Evolution of the surgical management of pulmonary metastases.

作者信息

Martini N, McCormack P M

机构信息

Department of Surgery, Memorial Sloan-Kettering Cancer Center, New York, New York, USA.

出版信息

Chest Surg Clin N Am. 1998 Feb;8(1):13-27.

PMID:9515170
Abstract

Surgical treatment of pulmonary metastases dates back to the late 19th century. However, for the ensuing 50 years, the number of cases operated upon were few. Since the 1960s, the eligibility of patients for resection of pulmonary metastases has broadened.
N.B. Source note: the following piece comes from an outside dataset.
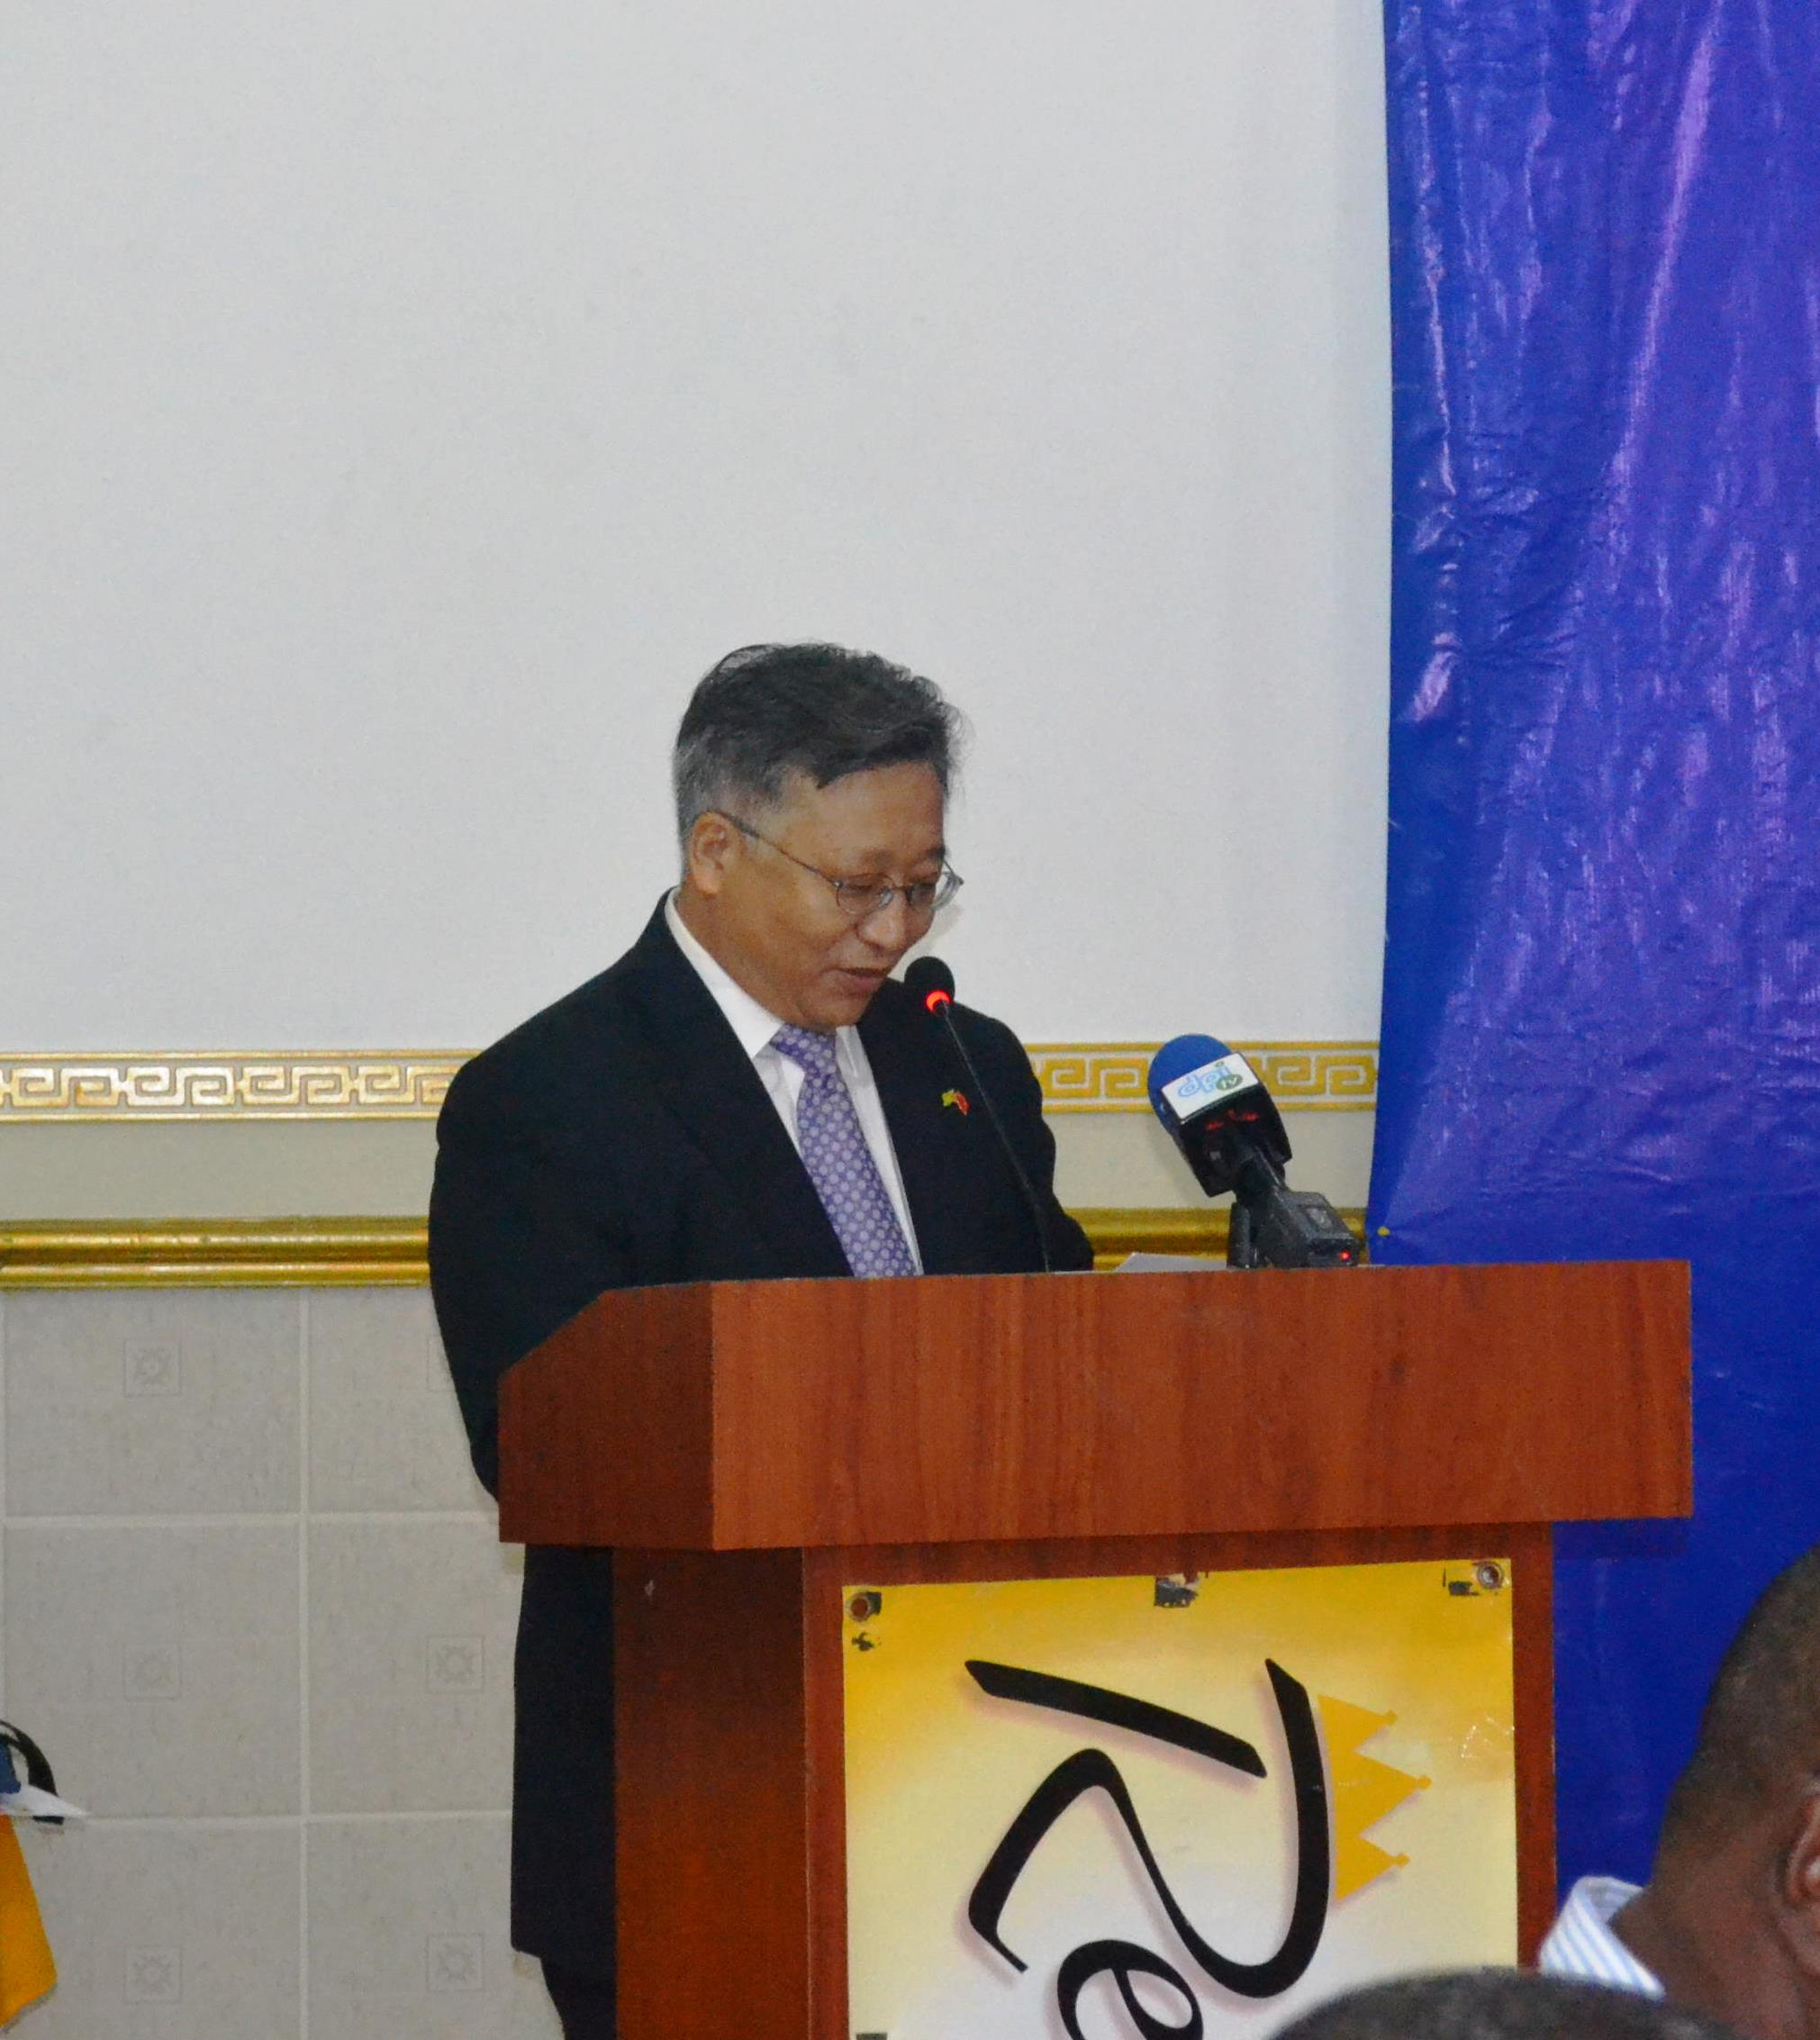 Ambassador of Chinese Embassy in Guyana, H.E. Cui Jianchun

Neither the number of lesions nor the length of the disease-free interval excludes a patient from resection provided the primary tumor has been treated adequately and the patient can tolerate the resection. Resection of pulmonary metastases is predicated on the absence of effective treatment of nonoperative means and the ability to safely and completely resect all tumor and yet conserve sufficient lung tissue to provide a good quality of life. Major areas of controversy that remain are the number of metastases amenable to complete resection, the disease-free interval, the applicability by tumor type, and the role of chemotherapy. The data published to date suggest that pulmonary resection for metastases can improve overall survival with minimal morbidity and mortality.

摘要

肺转移瘤的外科治疗可追溯到19世纪末。然而,在随后的50年里,接受手术治疗的病例数量很少。自20世纪60年代以来,适合切除肺转移瘤的患者范围有所扩大。只要原发肿瘤得到充分治疗且患者能够耐受手术,转移灶的数量和无病间期的长短都不排除患者接受手术切除。肺转移瘤的切除取决于非手术治疗手段无效以及能够安全、完整地切除所有肿瘤,同时保留足够的肺组织以维持良好的生活质量。目前仍存在争议的主要领域包括可完全切除的转移灶数量、无病间期、肿瘤类型的适用性以及化疗的作用。迄今为止发表的数据表明,肺转移瘤切除术可提高总体生存率,且发病率和死亡率最低。